There’s also the problem of the shark swimming past the guppies in search of bigger prey. The average small business owner is looking for a lot less than the banks are interested in working with.
“Banks these days especially since the recession, they’re really moving upstream,” Mr. Blake observed. “There’s a lot of data that shows banks are really only interested in loans of more than $1 million. Many companies, a gas station or a restaurant, they aren’t looking for a million dollars. They need $25,000 or $50,000 to buy equipment or to expand a bit.”
So 90 percent or more of small business owners are left considering their options. While they mull, they go online to place their regular office supplies order, which millions do every month. That is where the Staples advantage comes into play, Mr. Blake believes.
“From our perspective trying to spread the word, you go to Staples and they are a trusted brand. That’s why this partnership makes so much sense They’re reaching over a million small business owners on a regular basis as that trusted brand.”
Once the small business owner sees the Lendio option on Staples’ web page and clicks over, then Mr. Blake knows there are a few qualities Lendio needs to quickly display to keep that person’s interest.
“One of the key things we do at Lendio is talk about three things all the time – options, speed and trust. As a business owner you want to have all your options in one place. You want to be able to do it in hours or days not weeks or months, and you want to have a trusted experience where you know who you are dealing with.”
“If you are a business owner, you don’t have time to become an expert in all of the loan options out there. We’ve aggregated all the best in class lenders in one spot, so when that business owner comes in we are going to scour the entire market of loans and figure out which is the best one for them.”
Mr. Blake insists Lendio can usually find most businesses from most industries in most parts of the company a loan, some pose more of a challenge than others.
“The hardest is the true startup, the business in the idea phase, without any revenue, and one with bad credit.”
“If they have good credit and they’re a startup, we’re going to have options for them.
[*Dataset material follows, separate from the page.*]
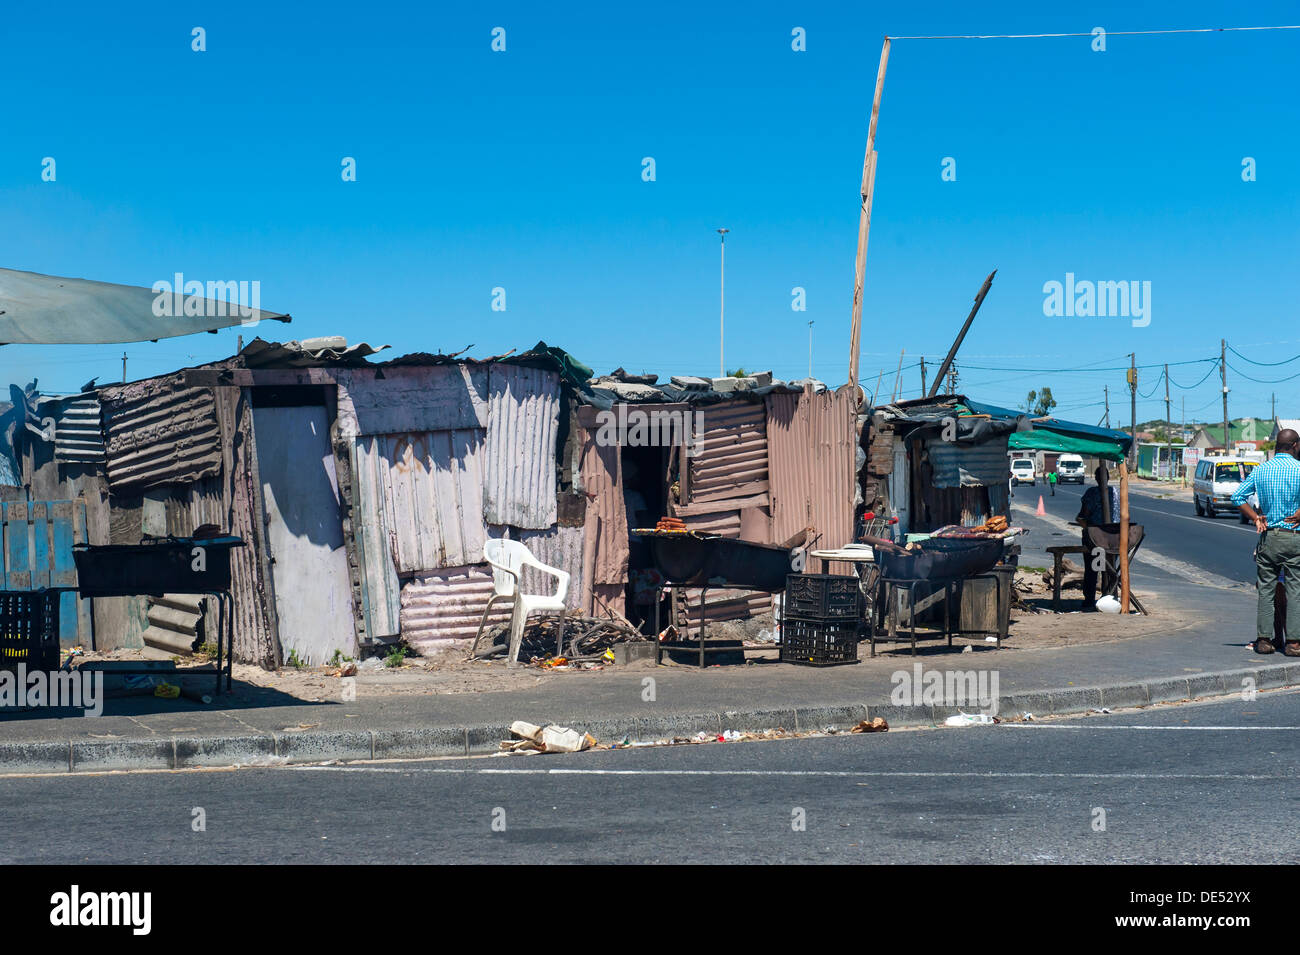 Tin shacks in Khayelitsha, a partially informal township in Cape Town, South Africa Stock Photo

If they have bad credit but they are not a startup and have been in business a while longer we’ll be able to help them.”
“But if they have bad credit and they’re a startup, there aren’t too many lenders out there looking to make that type of loan.”
The paint isn’t yet dry, so Lendio and Staples still have some small details to work out such as promotional presence in Staples retail locations, but Mr. Blake is confident those will be ironed out.
The Staples deal has caught the eye of other players, so don’t be surprised if similar partnerships are announced in the months ahead.
“There’s so many companies out there similar to Staples that have hundreds of thousands or maybe even millions of small business customers who have plenty of things to do. These partnerships become even more relevant.”
“Since the Staples announcement there have been some other feelers sent out and there’s definitely more interest out there,” Mr. Blake said. “We’ve had some other doors open. It’s too early to announce anything.”